Mark Oomkes;2110558 said:


> How many pushes do you average.


Well last year was 16 but very odd to get that many. My first year I never set the blade down. Not taking this year into consideration I have averaged 9 push able but a lot of those storms are multiple pushes 2" triggers. So let's just round to 10 pushes per year (actually more because of multiple push storms. That's 50 plow nights without a hiccup. Nothing broke nothing bent. That plow has made its money over ten fold and will continue to with common sense drivers


----------



## leigh (Jan 2, 2009)

snowcrazy;2110567 said:


> Well last year was 16 but very odd to get that many. My first year I never set the blade down. Not taking this year into consideration I have averaged 9 push able but a lot of those storms are multiple pushes 2" triggers. So let's just round to 10 pushes per year (actually more because of multiple push storms. That's 50 plow nights without a hiccup. Nothing broke nothing bent. That plow has made its money over ten fold and will continue to with common sense drivers


Can't argue with success! All we can do is weigh the options/pros and cons and make our own informed decisions.Glad it worked out or you.


----------



## 1olddogtwo (Aug 6, 2007)

leigh;2110008 said:


> I hear you, I feel the same way about Ford's


That's kool..


----------



## JustJeff (Sep 9, 2009)

leigh;2110615 said:


> Can't argue with success! All we can do is weigh the options/pros and cons and make our own informed decisions.Glad it worked out or you.

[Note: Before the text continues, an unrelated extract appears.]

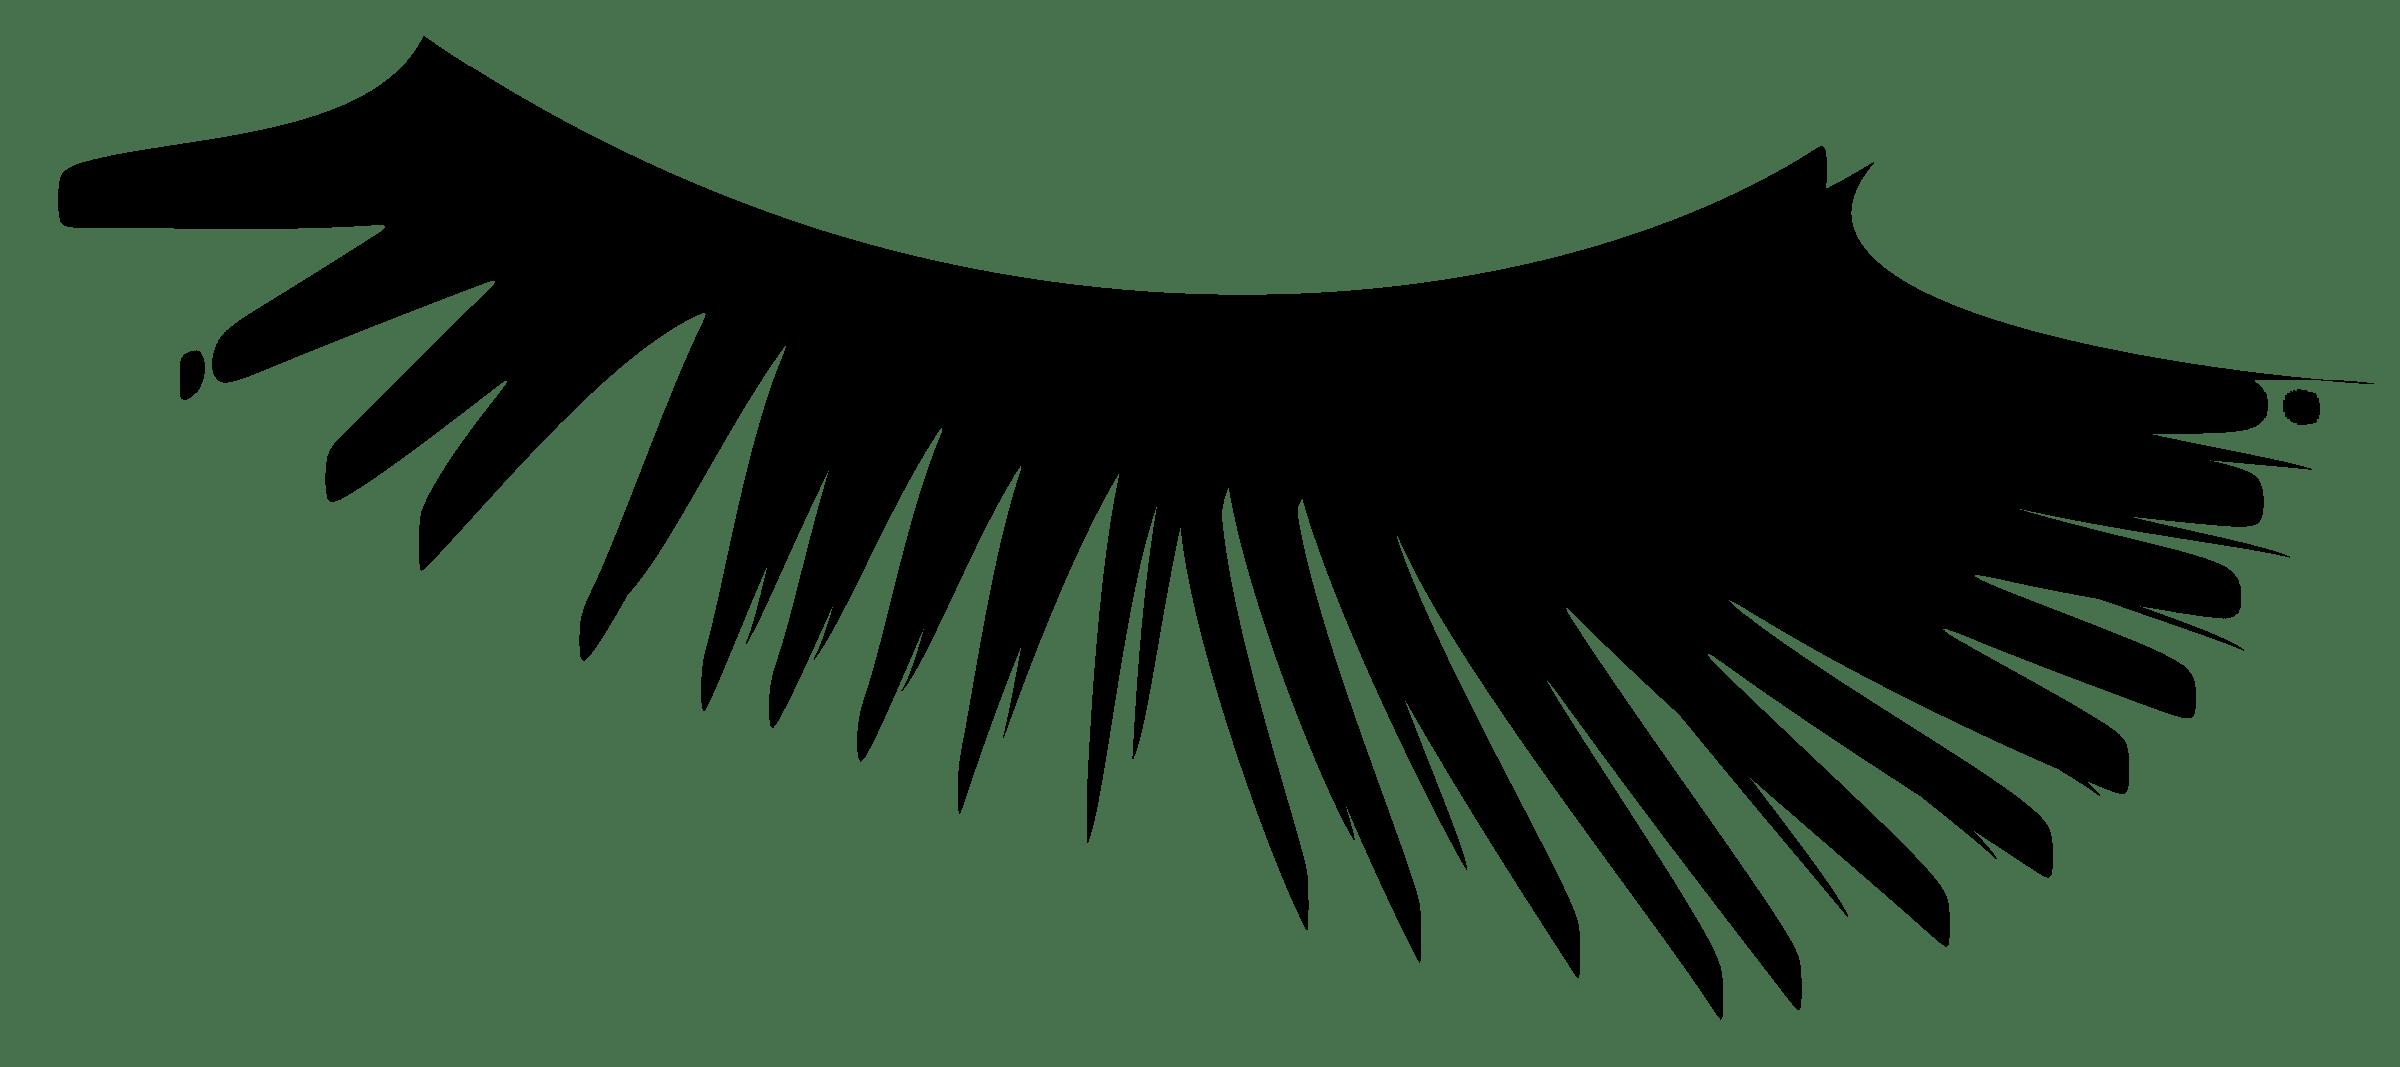 Eyelashes Clipart Printable Eyelashes Printable
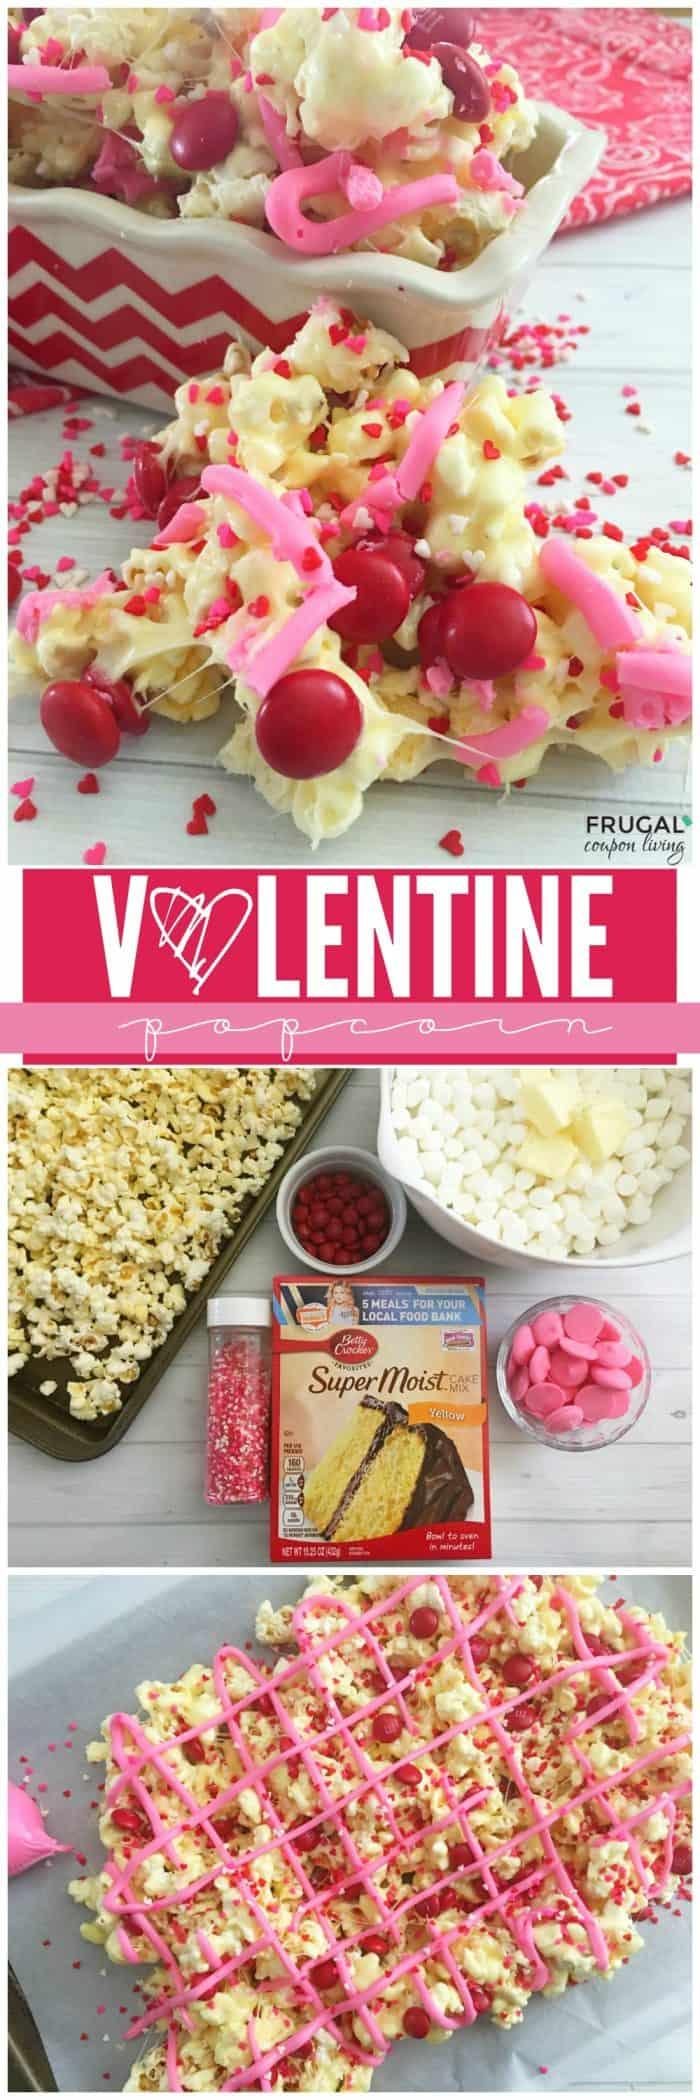 valentine-popcorn-frugal-coupon-living-long

Very well worded statement. I just get aggravated as hell when I keep hearing that "you get what you pay for" crap. For example, if you went and priced a new F350 at a dealer, and he gave you a quote of 65K out the door, and then you went to a different dealer and priced out the exact same truck down to every single option, and got a 2500.00 price difference, do you go back to the initial dealer and buy that truck, because if you're paying more you must be getting a better truck? Of course not.


----------



## Buswell Forest (Jan 11, 2013)

The statement means you buy quality, you get quality. 
You go buy a Ford, you get quality. You go buy a GM product, you get a GM product. You buy a RAM, you get a psychological evaluation. You buy a Tundra, you get a flaming cross on your lawn.


----------



## JustJeff (Sep 9, 2009)

You're the same person who said they're a complete waste of hard earned money. Mine has paid for itself many times over and has yet to cost me a dime more than routine maintenance. And Chinese knockoffs? Made in Ohio, by Americans.


----------



## beanz27 (Dec 22, 2012)

snowcrazy;2110567 said:


> Well last year was 16 but very odd to get that many. My first year I never set the blade down. Not taking this year into consideration I have averaged 9 push able but a lot of those storms are multiple pushes 2" triggers. So let's just round to 10 pushes per year (actually more because of multiple push storms. That's 50 plow nights without a hiccup. Nothing broke nothing bent. That plow has made its money over ten fold and will continue to with common sense drivers


Not to be an ass but I pushed 27 times last year-a light year. I average 34-36 pushes. We have a dealer here, only ones using them are home owners and businesses doing their own lot.


----------



## Mark Oomkes (Dec 10, 2000)

snowcrazy;2110567 said:


> Well last year was 16 but very odd to get that many. My first year I never set the blade down. Not taking this year into consideration I have averaged 9 push able but a lot of those storms are multiple pushes 2" triggers. So let's just round to 10 pushes per year (actually more because of multiple push storms. That's 50 plow nights without a hiccup. Nothing broke nothing bent. That plow has made its money over ten fold and will continue to with common sense drivers


Well I guess I sit corrected.


----------



## leigh (Jan 2, 2009)

Mark Oomkes;2110791 said:


> Well I guess I sit corrected.


What's the catch?


----------



## snowcrazy (Nov 18, 2010)

beanz27;2110788 said:


> Not to be an ass but I pushed 27 times last year-a light year. I average 34-36 pushes. We have a dealer here, only ones using them are home owners and businesses doing their own lot.


Oh no I don't take it as that man not at all. I understand we aren't in an area that gets crazy amounts of snow. The largest snowfall total I've ever pushed is a 14" snowfall. I was able to keep up with my Accts fine but a friend had a truck go down and he was responsible for a large strip mall. Approx the size lot of a Walmart. I supplied him with my truck afteer we were done with it. Parking lot is a disaster with pot holes on top of trying to move 14" of snow. It took him forever. as you can imagine anyone in their right minds knows that should have been taken care of with more than a 2500 truck. He called me the next day that he was finally finished. Truck moved 14" snowfall off a lot equivalent to a wal Mart lot. I couldn't believe the piles made by that truck and plow. That's what I'm saying, if these plows were as some state "junk" they would fail in situations like that. I never claimed they were best, but junk? Far from it.


----------